- Wadi Hayl
- Coordinates: 25°06′13″N 56°17′14″E﻿ / ﻿25.103619°N 56.287247°E
- Country: United Arab Emirates
- Emirate: Fujairah

= Wadi Hayl =

Wadi Hayl is a seasonal watercourse in the Hajar Mountains of Fujairah, in the United Arab Emirates. The wadi runs from the Fujairah industrial suburb of Al Hayl through the old (now restored) village of Hayl and Hayl Fort, to reach the Wadi Helo.

== Extent ==
The Fujairah end of the Wadi Hayl is home to the Mohammed bin Zayed City, a planned settlement intended to comprise 1,100 houses and apartments, as well as offering services. The wadi extends Westward from Fujairah and into the mountains, eventually meeting the Wadi Helo and Wadi Al Saifiyah, which itself leads to the Wadi Saham, notable for its extensive petroglyphs, and the Wadi Miduk.
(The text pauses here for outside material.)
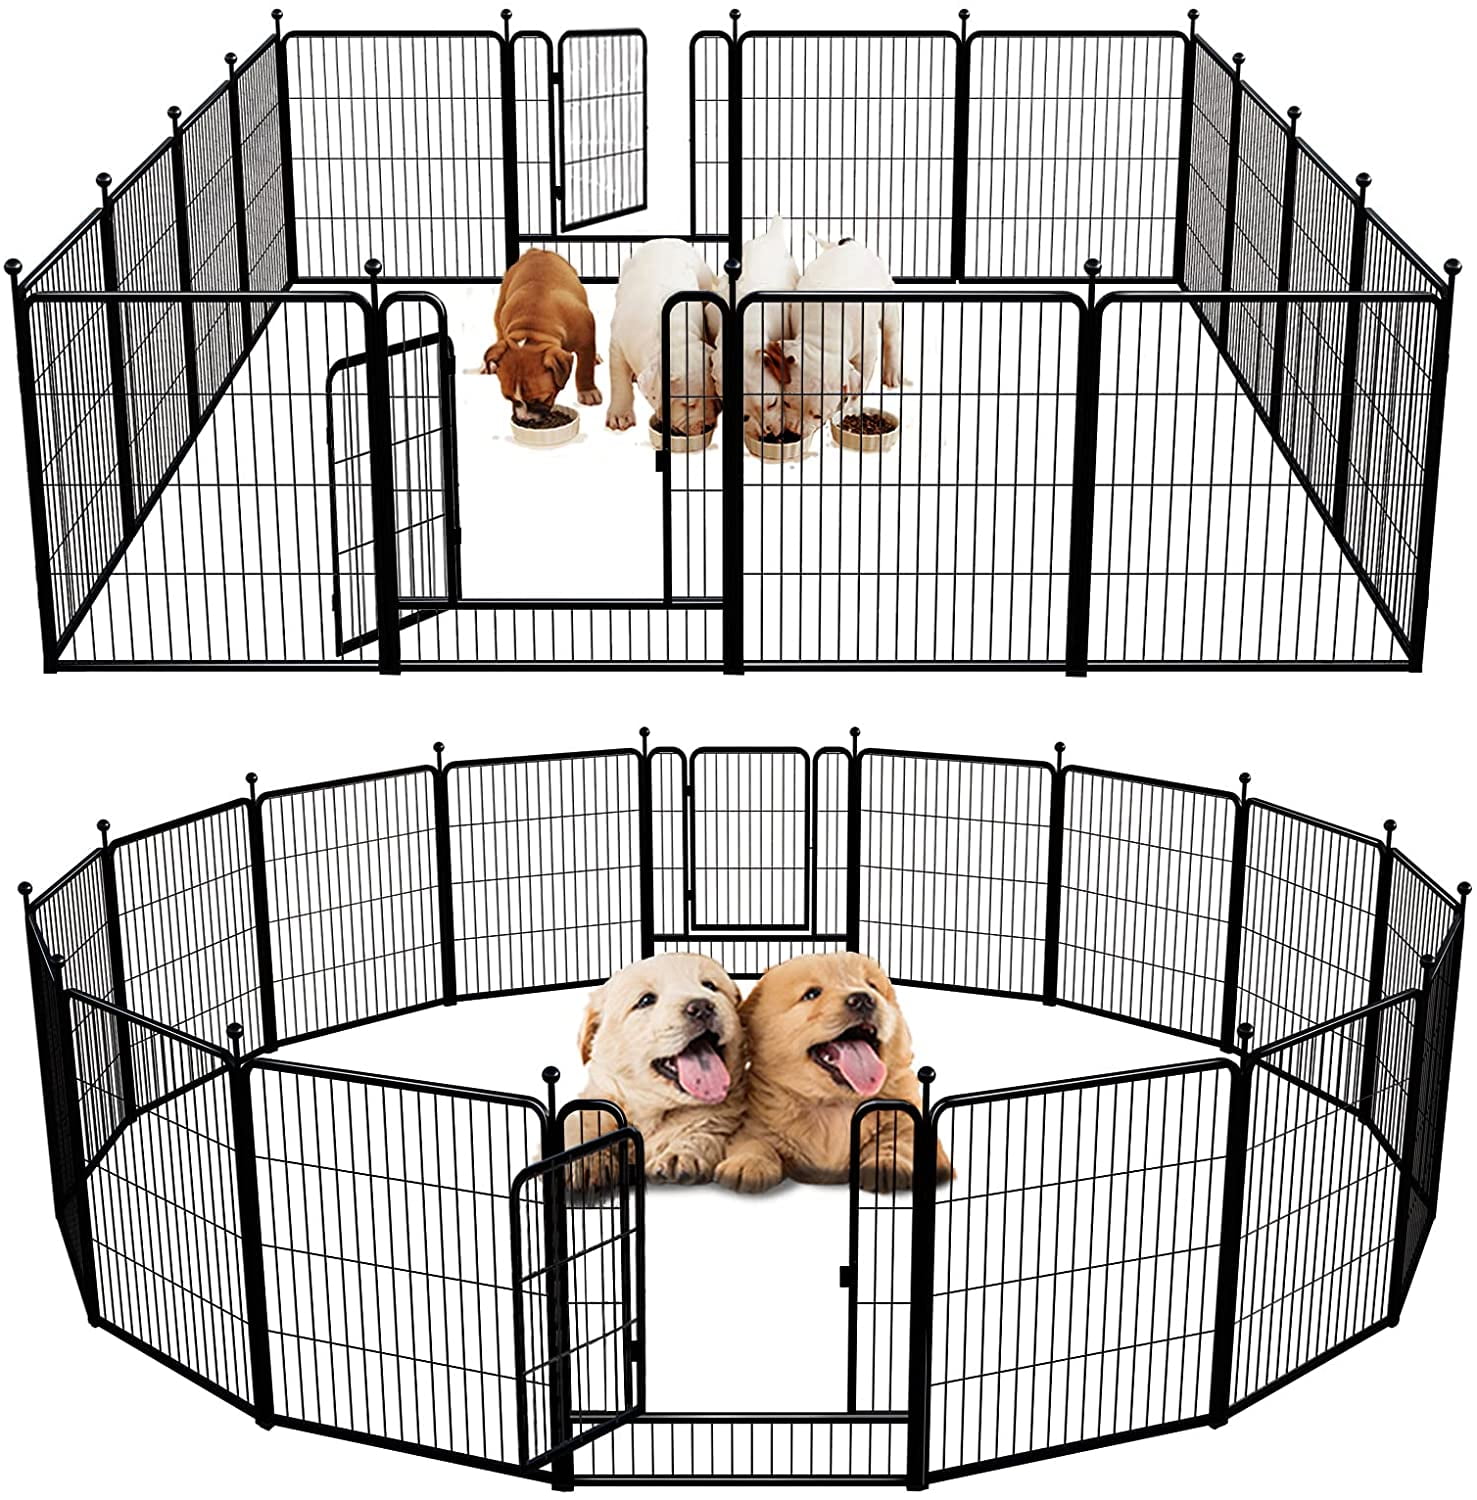 Small Pet Playpen Animal Cage Dog Fences Enclosure Small Puppy Play Yard Crate

The Wadi Hayl is dammed above the new village of Hayl, which was built to rehouse the residents of the old village of Hayl. An Umm Al Nar tomb was found at Hayl, as well as a number of Iron Age petroglyphs dotting stones throughout the course of the wadi. Traditionally a Kunud village, Hayl – and the nearby Sharjah village of Al Helo – subsisted on agriculture, particularly tobacco, which provided a lucrative crop for the villagers. Before the construction of the metalled road from Fujairah, the journey from Hayl to the city would take three hours by donkey.

Built in 1932 by Sheikh Abdullah bin Hamdan Al Sharqi, the Fort at Hayl was constructed in 1932, along with a majlis and mosque. Often incorrectly referred to as a summer house, the Fort was in fact the principal residence for Sheikh Abdullah for over two decades.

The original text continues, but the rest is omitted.